Fast correlation-based filter (FCBF) is a feature selection method originally proposed for microarray data analysis [30] and adopted for other domains with very high-dimensional data [11]. The idea of FCBF is that the features that are worth keeping should be correlated with the class variable but not correlated among themselves. If they are mutually correlated, one feature from the correlated group will suffice. By design, the interval feature set will contain many redundant features, which makes FCBF particularly suitable.

FCBF starts by ranking the features according to their mutual information with the class variable and removing all features whose mutual information is below a chosen threshold value. Subsequently, features are removed from the remaining list by considering simultaneously their predictive value and their relationship with other features. Feature $x$ is removed from the list if there exists feature $y$ in the list, which is a better predictor of the class label than $x$, and feature $x$ is more similar to feature $y$ than to the class label variable. The ‘similarity’ is measured through mutual information. The process runs until there are no more features that can be removed. The number of selected features depends on the data and partly on the threshold value used to cut off the initial tail of features with low relevance.

3 Classification methods

We chose the nearest neighbour classifier (1 nn), which has been praised for being simple, accurate and intuitive. Next, the support vector machine classifier (SVM) has been the classifier of choice in an overwhelming amount of neuroscience studies. In spite of the scepticism towards using classifiers of increased complexity for EEG data [7], classifier ensembles have made a successful debut in the past decade [17, 23, 26, 29]. Here, we chose the random forest ensemble [3] (RF) because of its accuracy and ability to work with high-dimensional data. Each RF consisted of 100 individual trees.

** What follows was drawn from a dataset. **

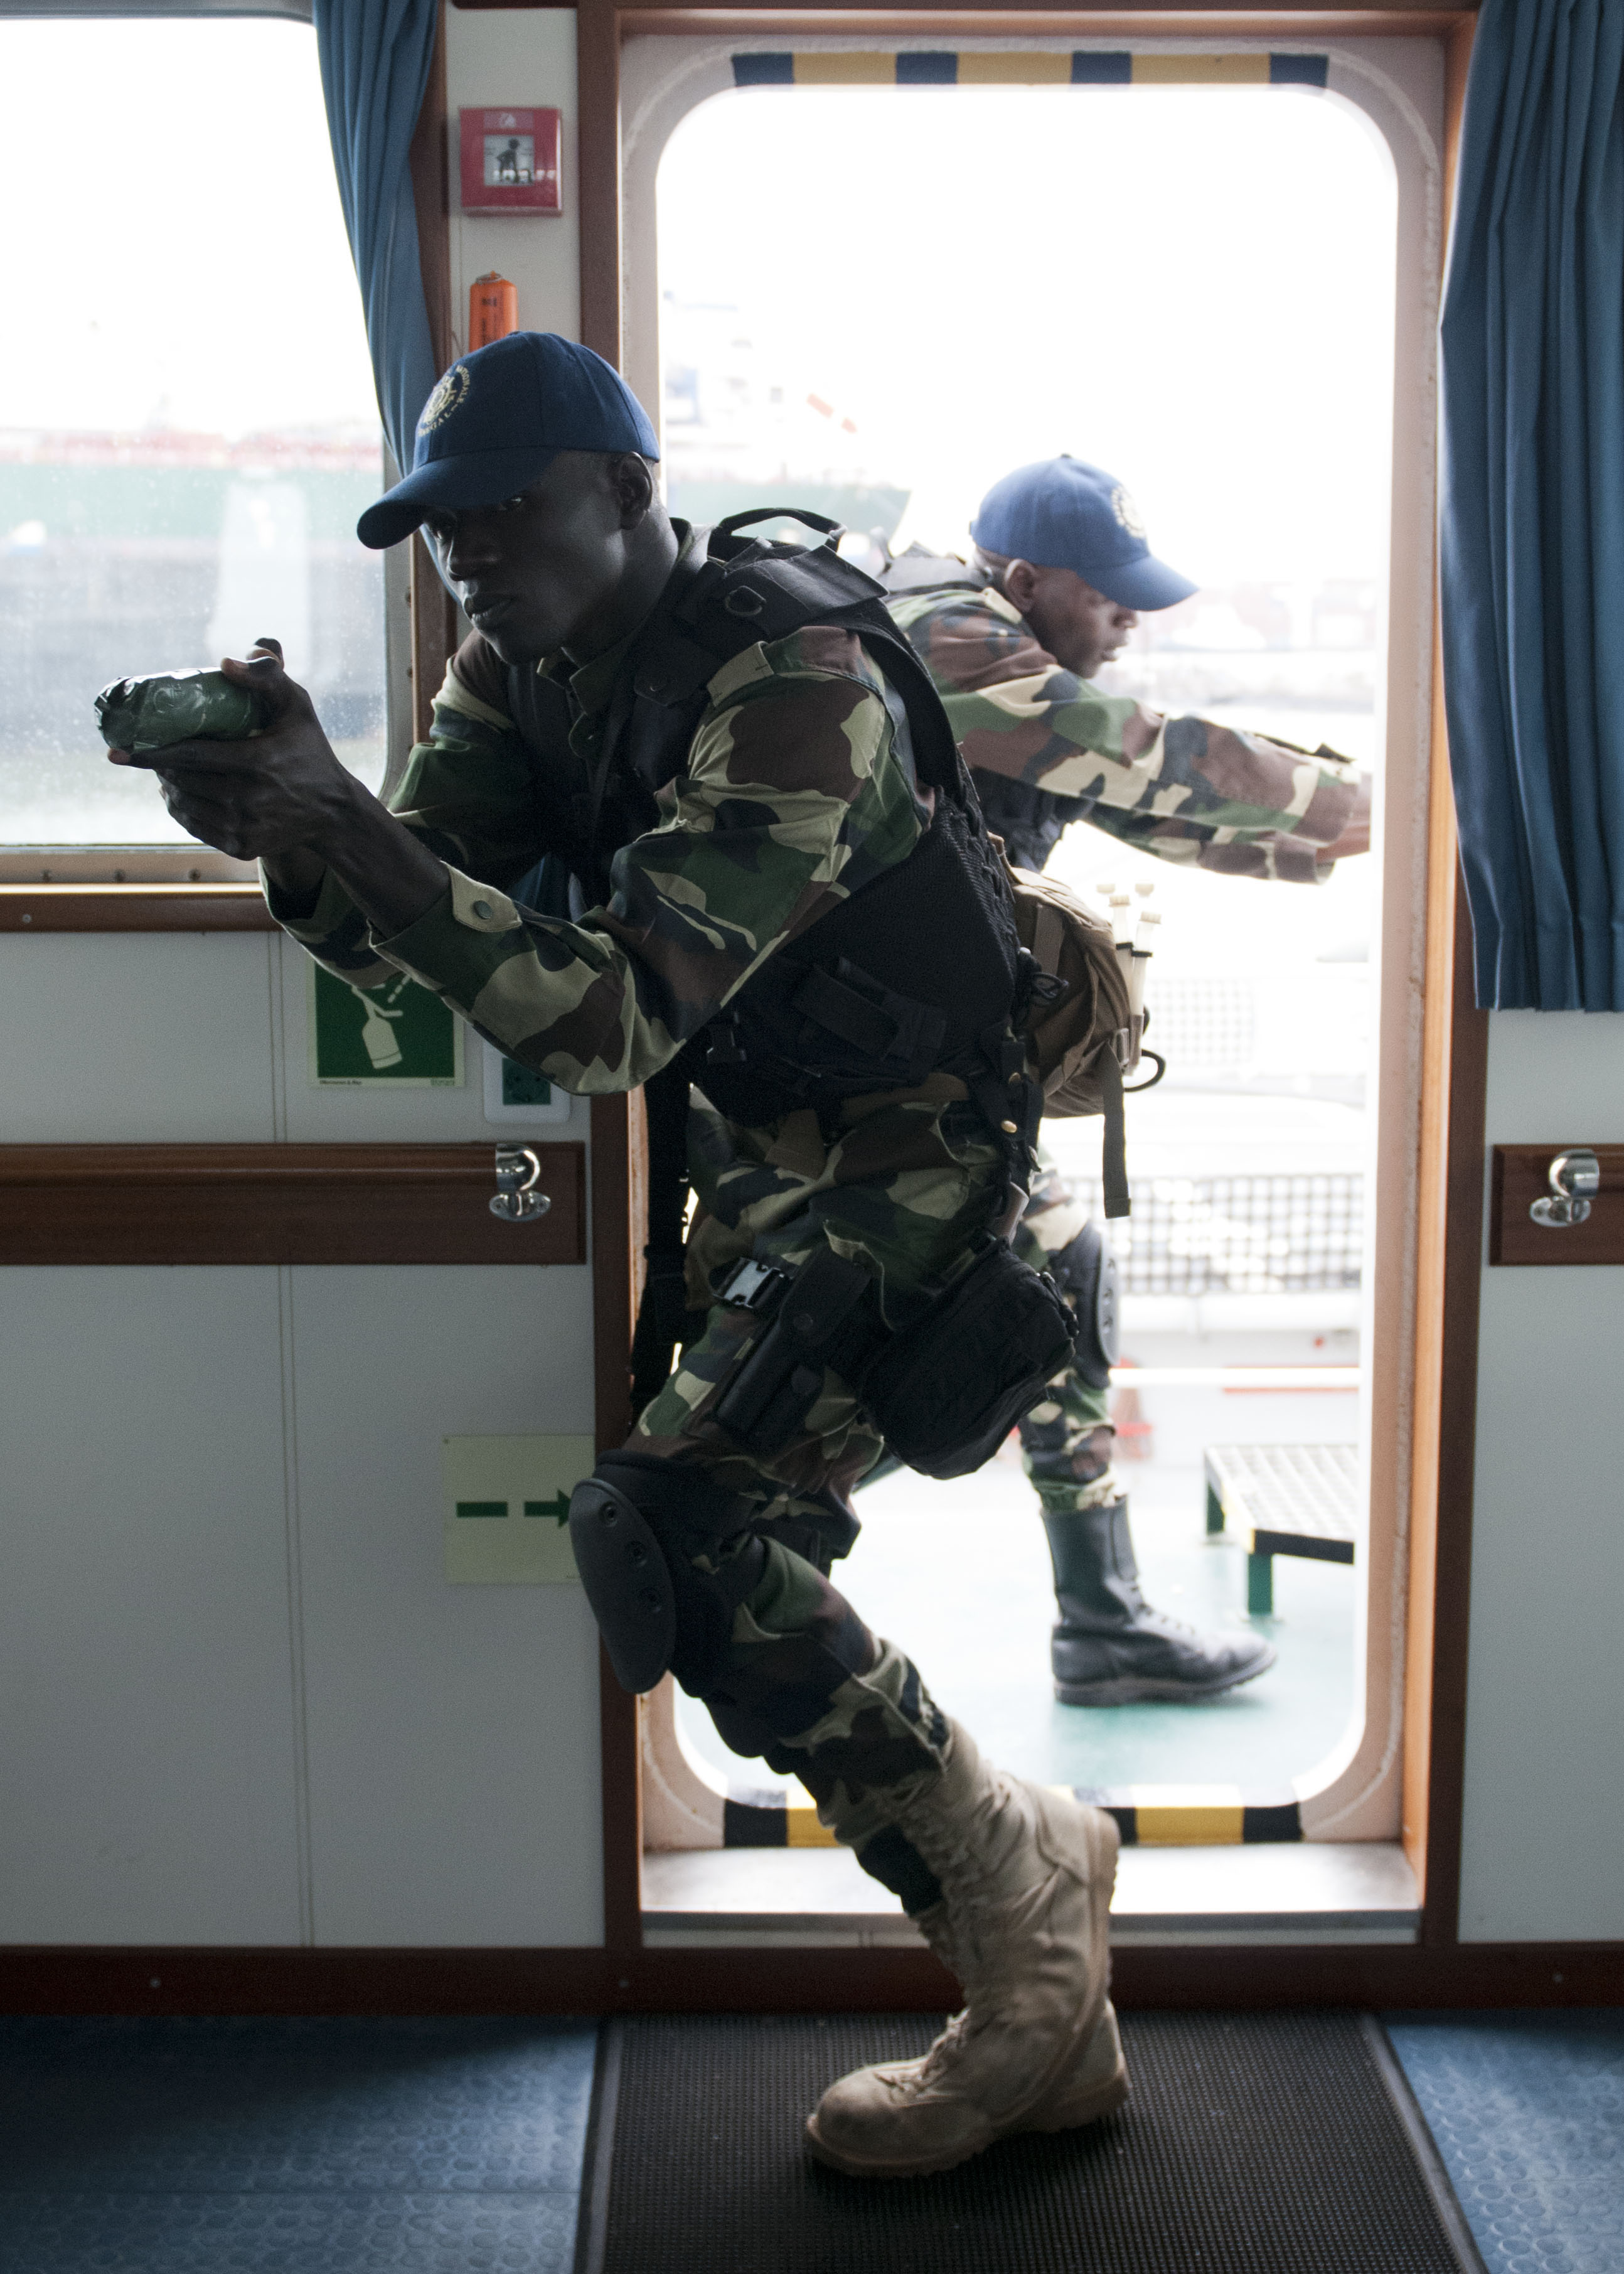 Armée Sénégalaise - Page 5 13012383615_73df3b4d2a_o

If not specified otherwise, all feature extraction and classification methods were used within Weka^{Footnote 4} [8], with the default set-up. Two kernels were considered for the SVM: linear $K(x,y)=\langle x, y \rangle $ and perceptron $K(x,y)=||x-y||_2$ [13]. The latter is less known than the RBF kernels but has the advantage of not requiring any parameter tuning.

For some classification methods, the results could be very different if the parameters where adjusted instead of using default values. The focus of this work is the comparison of feature-extraction methods on different electrodes, not the comparison among different classification methods. For each considered classification method, the feature-extraction methods are compared. Nevertheless, it must be noted that the reported results could be probably improved with a thorough adjustment of the parameters.

4 Experiments

The method that we recommend in this study is interval feature extraction followed by FCBF. To the best of the authors’ knowledge, interval features have not been applied previously to ERP classification, either as a full set or after FCBF filtering. The purpose of this experiment is to compare the interval features + FCBF with the traditional feature-extraction methods for pre-processing of ERP data for classification. To make the comparisons fair, we applied FCBF to all competing methods as well.

4.1 Datasets

Face/Car data. The first dataset is about distinguishing between images of faces and of cars. A negative peak segment of the ERP, labelled N170, is commonly acknowledged to be larger in amplitude for face stimuli compared with any other visual object. Recently, the face selectivity of the N170 has been challenged [27]. The dataset used in this study came from [5]. Stimuli were 400 grey-scale pictures of faces and cars, all presented in full-front views, scaled to produce a similar size and width/height ratio, and centred on the screen. The responses of each participant to the same group of stimuli were averaged to obtain the ERPs. The original data consisted of 64 electrodes and 44 ERPs for each electrode: 22 from class ‘Face’ and 22 from class ‘Car’. Each ERP spanned exactly 300 ms starting at the onset of the event.
Alcoholism data. The second dataset arises from a study to examine EEG correlates of genetic predisposition to alcoholism. The dataset is included in the UCI machine-learning repository collection [6]. It contains measurements from 64 electrodes placed on standard locations on the subject’s scalps which were sampled at 256 Hz for 1 s [31]. There were two groups of subjects: alcoholic and control, which are the two class labels to discriminate between. Each subject was exposed to either a single stimulus (S1) or to two stimuli (S1 and S2), which were pictures of objects chosen from the 1980 Snodgrass and Vanderwart picture set [24]. The three experimental scenarios were as follows (a) single stimulus S1; (b) two matching stimuli (S1 and S1); (c) two different stimuli (S1 and S2). The chosen dataset contains data for 10 alcoholic and 10 control subjects, with 10 runs per subject per scenario.

4.2 Experimental protocol

Ten times tenfold cross-validation was carried out for each classifier model, thus, giving 100 testing accuracies from which the average accuracies were calculated. The repeat of the cross-validation was done to reduce the effect of the split of the folds.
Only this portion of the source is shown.